Abstract

Numerous geochronological and geochemical studies of the Late Triassic granite plutons in the Qinling orogen have been conducted over the past few decades. These studies have extensively discussed the genesis and correlations of granite plutons with the collisional processes between the North and South China blocks. However, several contradictory conclusions on the tectonic settings of these plutons (subduction, syncollision, postcollision, or intraplate) have been reached. Moreover, in all these studies, compressional or extensional structures have been always considered to control the magma emplacement, but no direct evidence has been presented so far. In order to clarify the emplacement mechanism of these Late Triassic plutons and avoid the ambiguities from purely geochemical studies, we conducted a multidisciplinary structural study on the Mishuling pluton in West Qinling, one of the biggest Late Triassic plutons in the orogen.
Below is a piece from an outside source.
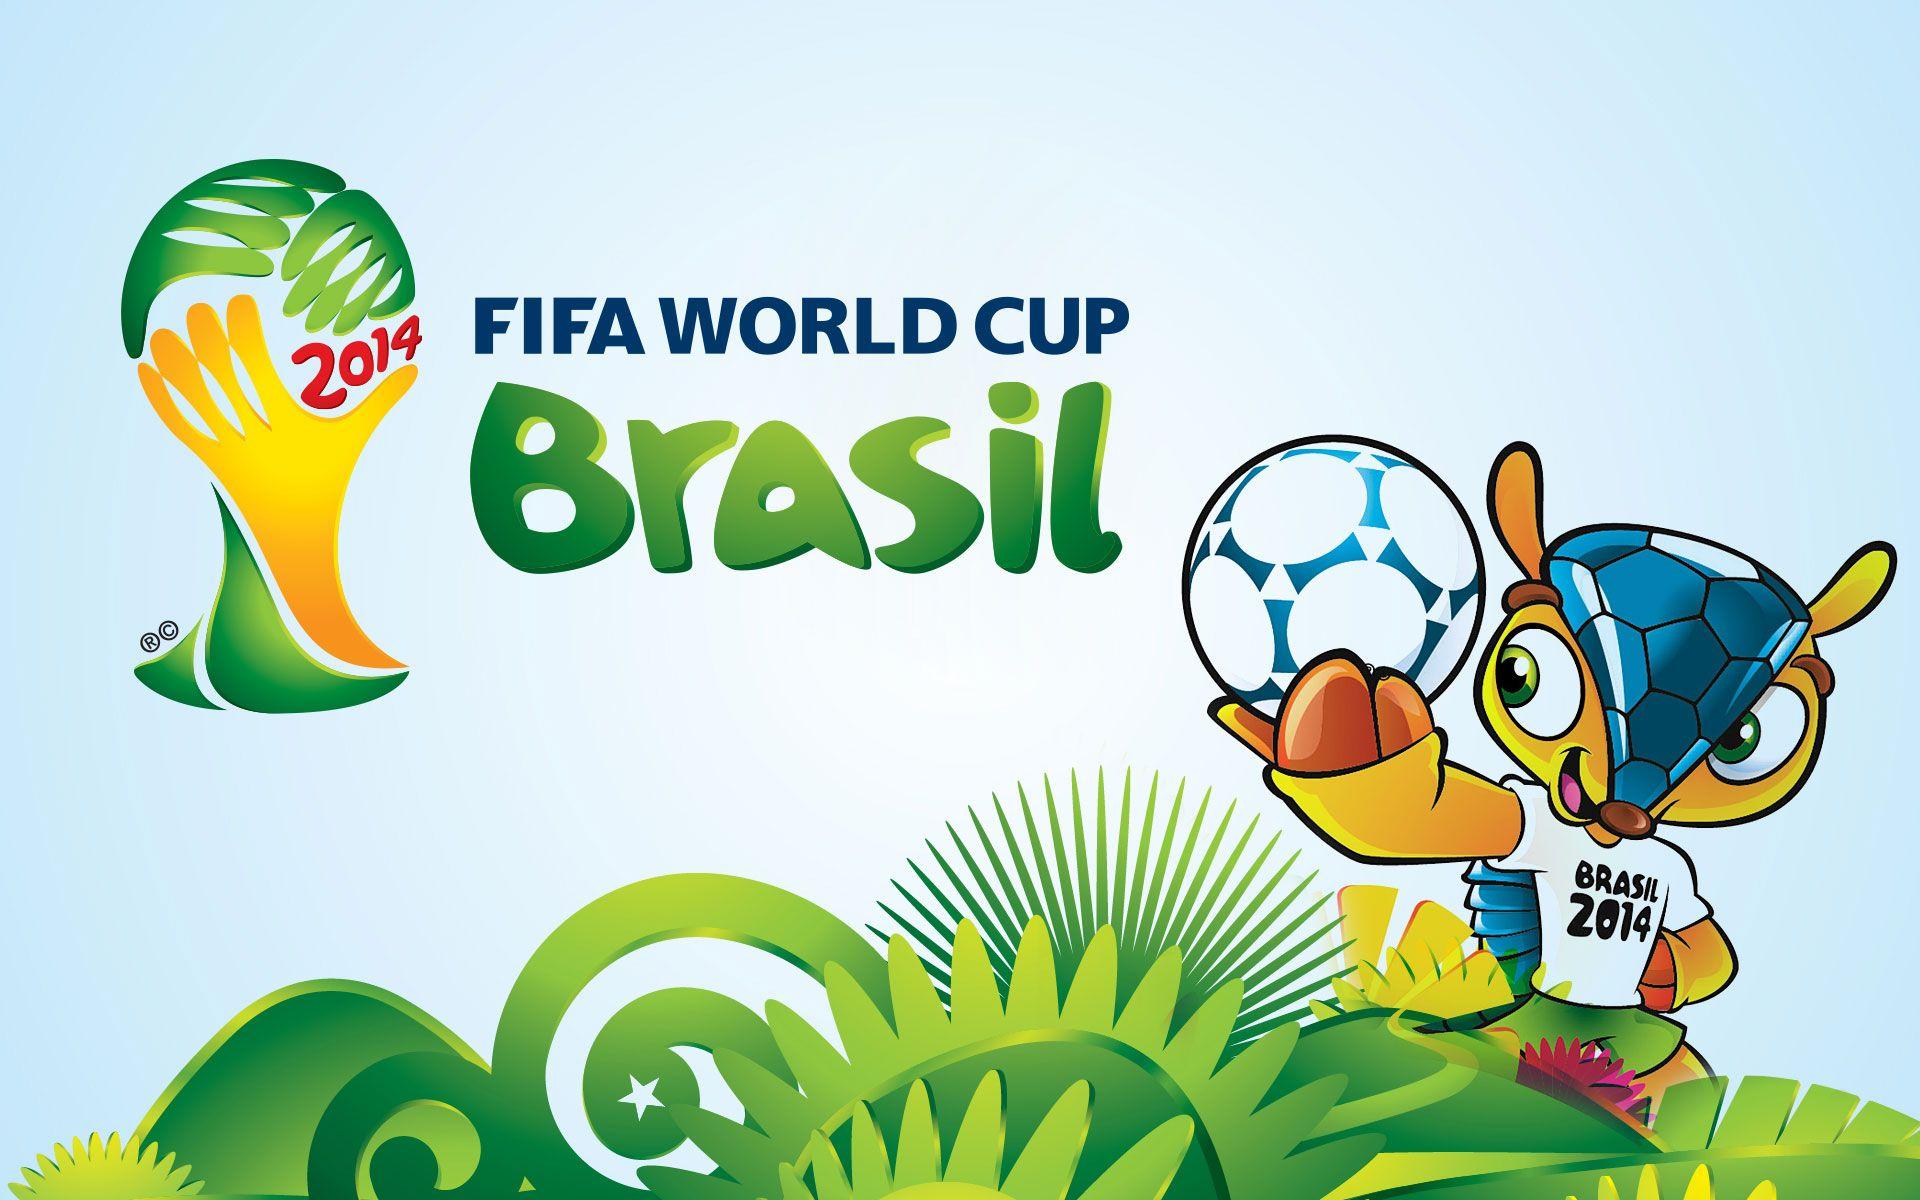 Fifa World Cup Brazil 2014 Hd Desktop Ipad Iphone Wallpapers World Cup 2014 Brazil World Cup Fifa World Cup
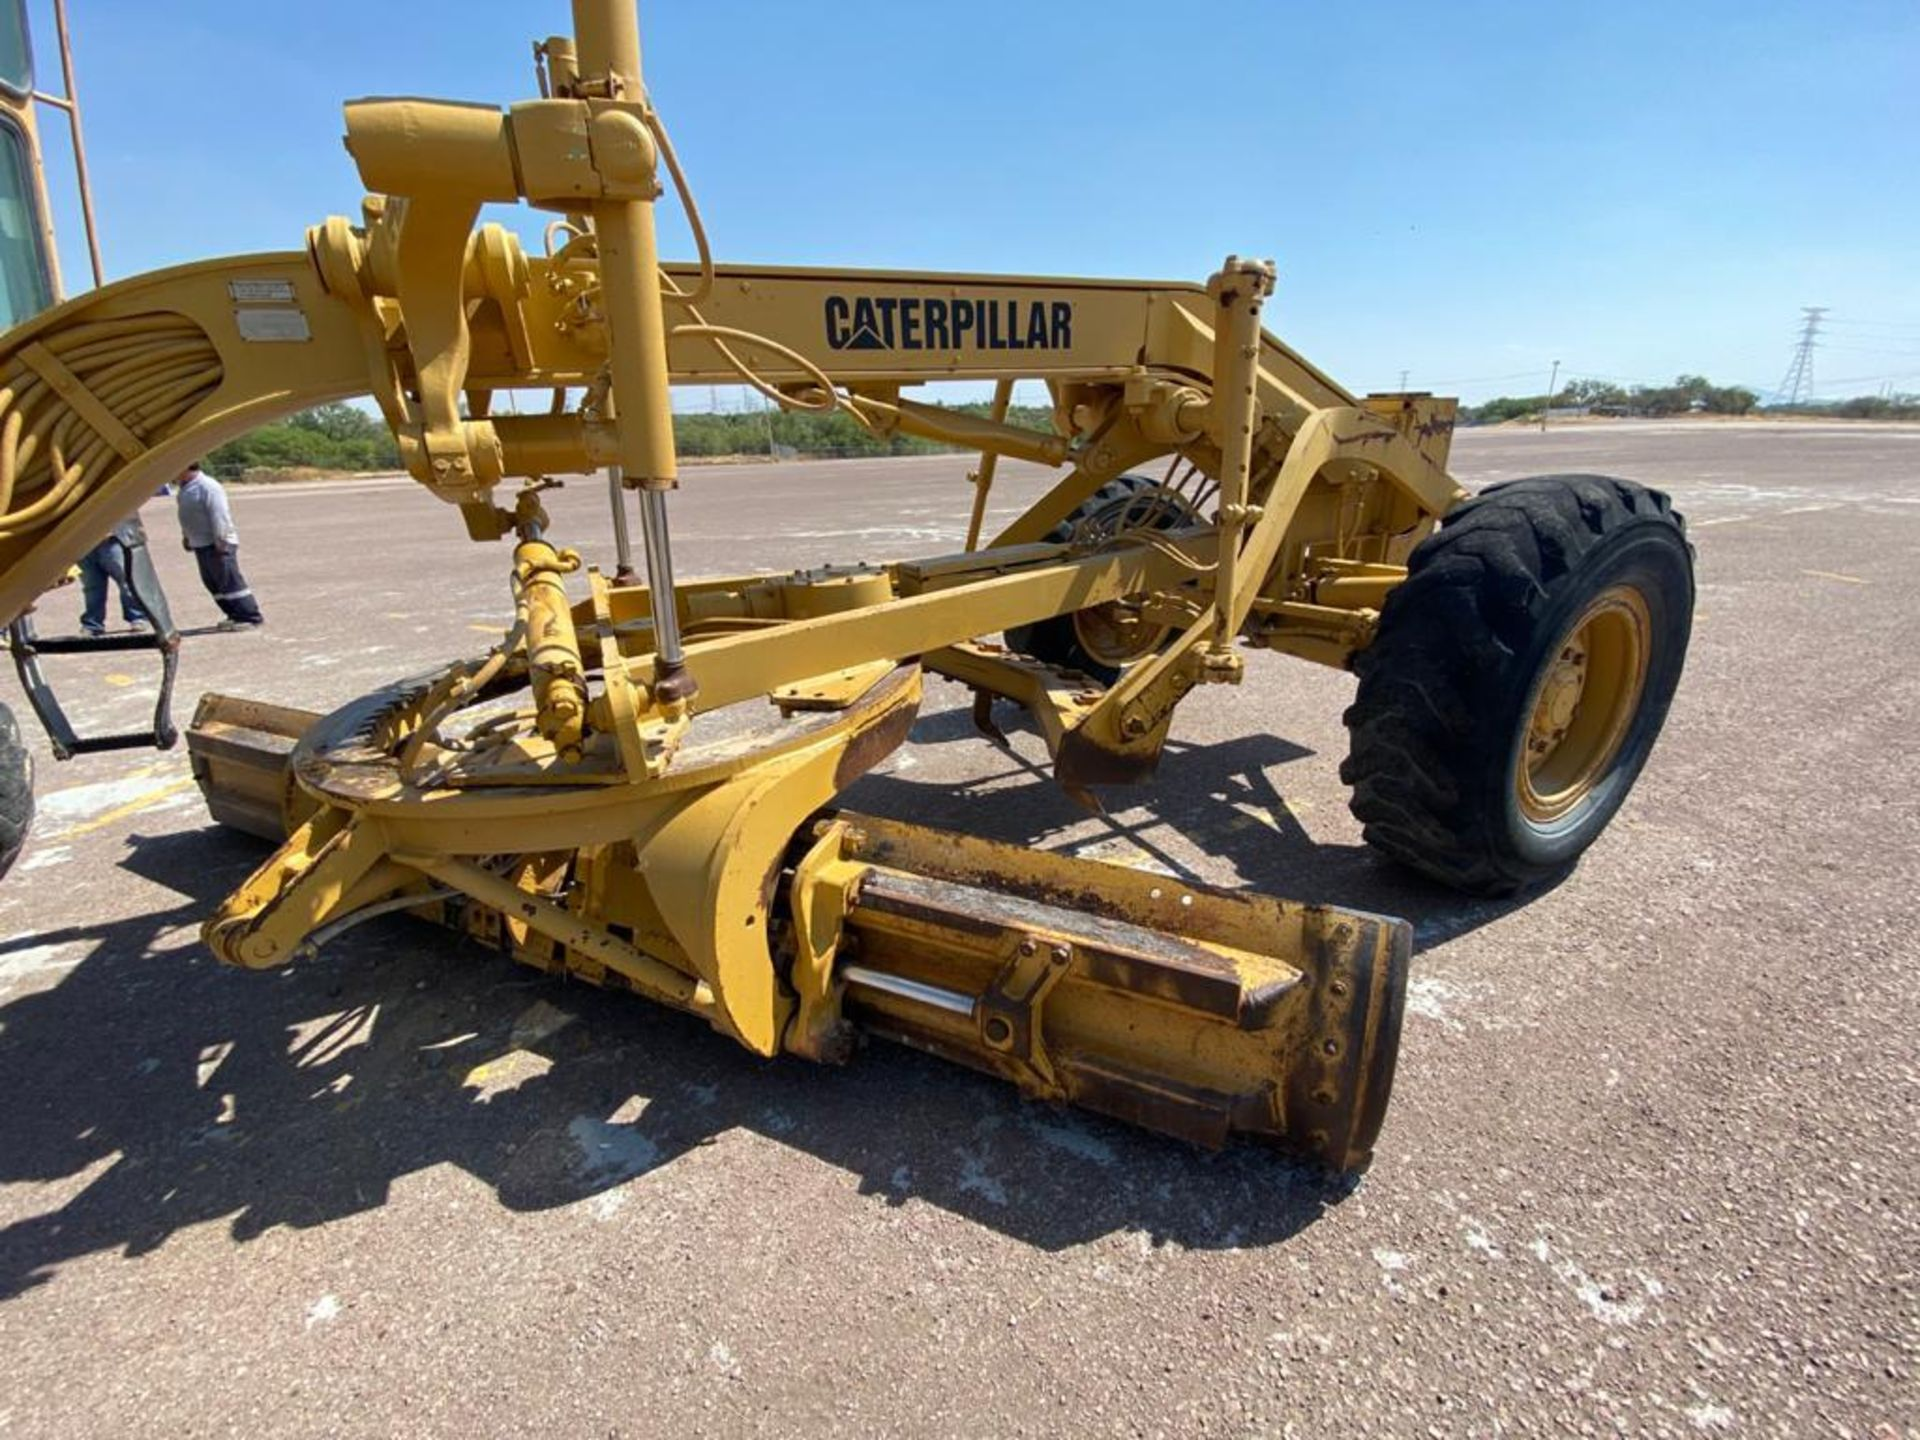 Caterpillar 120G Motor Grader, Serial number 87V09646, Motor number PQ883-2/07Z28983 - Image 22 of 61

New single-grain zircon dating confirmed that the Mishuling pluton was emplaced at 212 ± 2 Ma. Gravity investigations show an overall wedge shape to the pluton: A deep root is located in its western part, the thickness gradually decreases to the east, and it finally pinches out at its eastern extremity. We studied internal structures of the Mishuling pluton through field, microscopic, and AMS (anisotropy of magnetic susceptibility) observations, which show that the pluton did not undergo penetrative secondary deformation, and preserved cryptic internal fabrics were mainly acquired during the final stage of emplacement. In the western part of the pluton, internal fabrics display a concentric pattern. In the eastern part, the lineations mainly plunge west, while the foliations form an analogous W-plunging synform, mainly dipping SW in the northern part and dipping NW in the southern part. The three-dimensional shape and internal structures of the Mishuling pluton are concordant with the wrench tectonics of country rocks that developed during the late stage of the Late Triassic collision between the North and South China blocks. We propose an integrated emplacement model involving both the three-dimensional shape and internal fabrics of the Mishuling pluton, and regional structures of the country rocks. In this model, the magma rose in the western part and then spread eastward parallel to the regional strike-slip movements.